Identity is the new perimeter — most breaches start with a stolen or phished credential. Here's how to make accounts genuinely hard to take over, not just "MFA-enabled."

Updated June 2026 ~7 min read Actionable
What's inside
  1. Why identity is the target
  2. Not all MFA is equal
  3. Phishing-resistant MFA
  4. Conditional access
  5. Least privilege & RBAC
  6. Non-human identities
  7. Rollout checklist

1. Why identity is the target

Attackers don't break in anymore — they log in. Phished passwords, credential stuffing, session-token theft and MFA-fatigue attacks all aim at one thing: a valid identity. Once they have it, they look legitimate to most defenses. Hardening identity is therefore the highest-leverage security investment most organizations can make.

2. Not all MFA is equal

"We have MFA" can mean anything from genuinely strong to trivially bypassable. Ranked from strongest to weakest:

MethodStrengthNotes
FIDO2 / passkeys / hardware keysStrongestPhishing-resistant by design — bound to the origin
Authenticator app (TOTP)GoodSolid, but codes can be phished in real time
Push approvalGood*Strong with number-matching; weak to MFA-fatigue without it
SMS / email codesWeakSIM-swap and interception — avoid for anything sensitive
The takeaway. Push past "MFA enabled" to phishing-resistant MFA on your crown-jewel accounts — admins, email, VPN, identity provider. SMS is better than nothing but shouldn't guard anything that matters.

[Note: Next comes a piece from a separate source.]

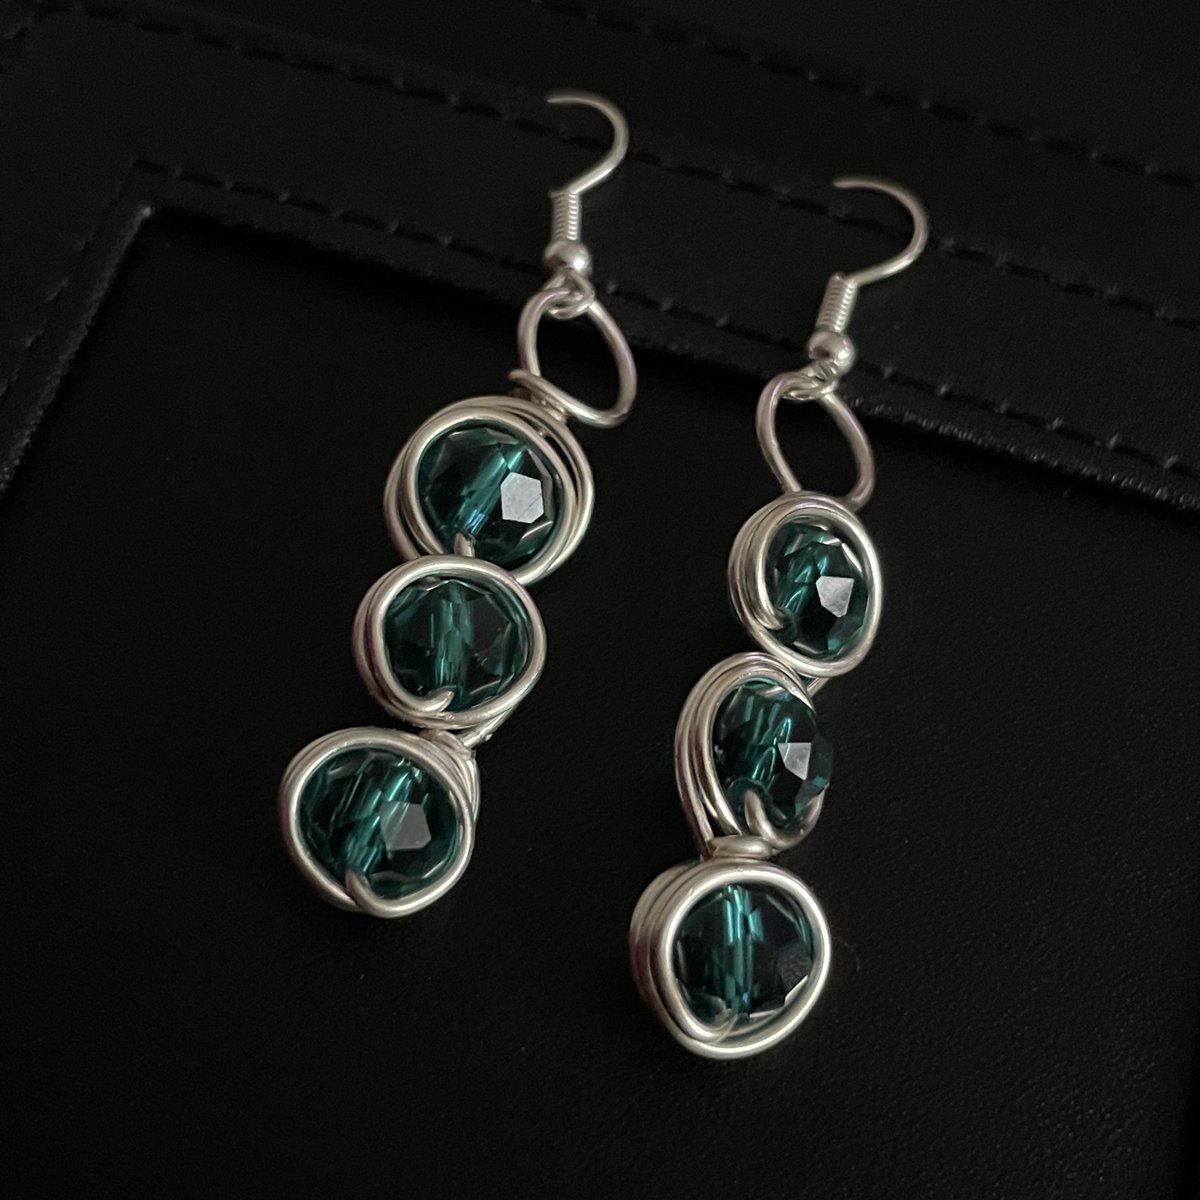 Silver plated copper wire and teal glass earrings #handmade #wirewrapped #tealearrings #teal #earrings #giftideas #shopsmall #shoplocal #giftideas #jewellery #nowavailable #folksywestmidlands #folksylocal #folksylocalmarkets

3. Go phishing-resistant where it counts

  • Passkeys / FIDO2 hardware keys for administrators and anyone with access to production or customer data.
  • Number-matching on push so a user can't reflexively approve an attacker's prompt.
  • Kill SMS fallback for privileged accounts — a fallback is only as strong as its weakest method.
  • Protect the recovery path. Account-recovery flows are a favorite bypass — secure them as carefully as login.

4. Add conditional access

MFA at login is a one-time gate. Conditional access makes trust continuous — evaluating context on every sensitive action:

  • Device posture — is the device managed, encrypted and healthy before it gets access?
  • Risk-based step-up — prompt for re-auth on new locations, impossible travel, or sensitive operations.
  • Endpoint step-up. Require a fresh prompt at the endpoint for RDP, sensitive processes or mapped drives — not just at the cloud-app boundary.

5. Least privilege & RBAC

Strong authentication still hurts if every account can do everything. Limit the blast radius:

  • Separate privileged accounts from daily-use accounts; no email/web browsing on admin identities.
  • Role-based access mapped to job function — grant the minimum, review quarterly.
  • Just-in-time elevation for admin tasks instead of standing privilege.
  • Fast offboarding. Deprovision access the day someone leaves — orphaned accounts are an easy way in.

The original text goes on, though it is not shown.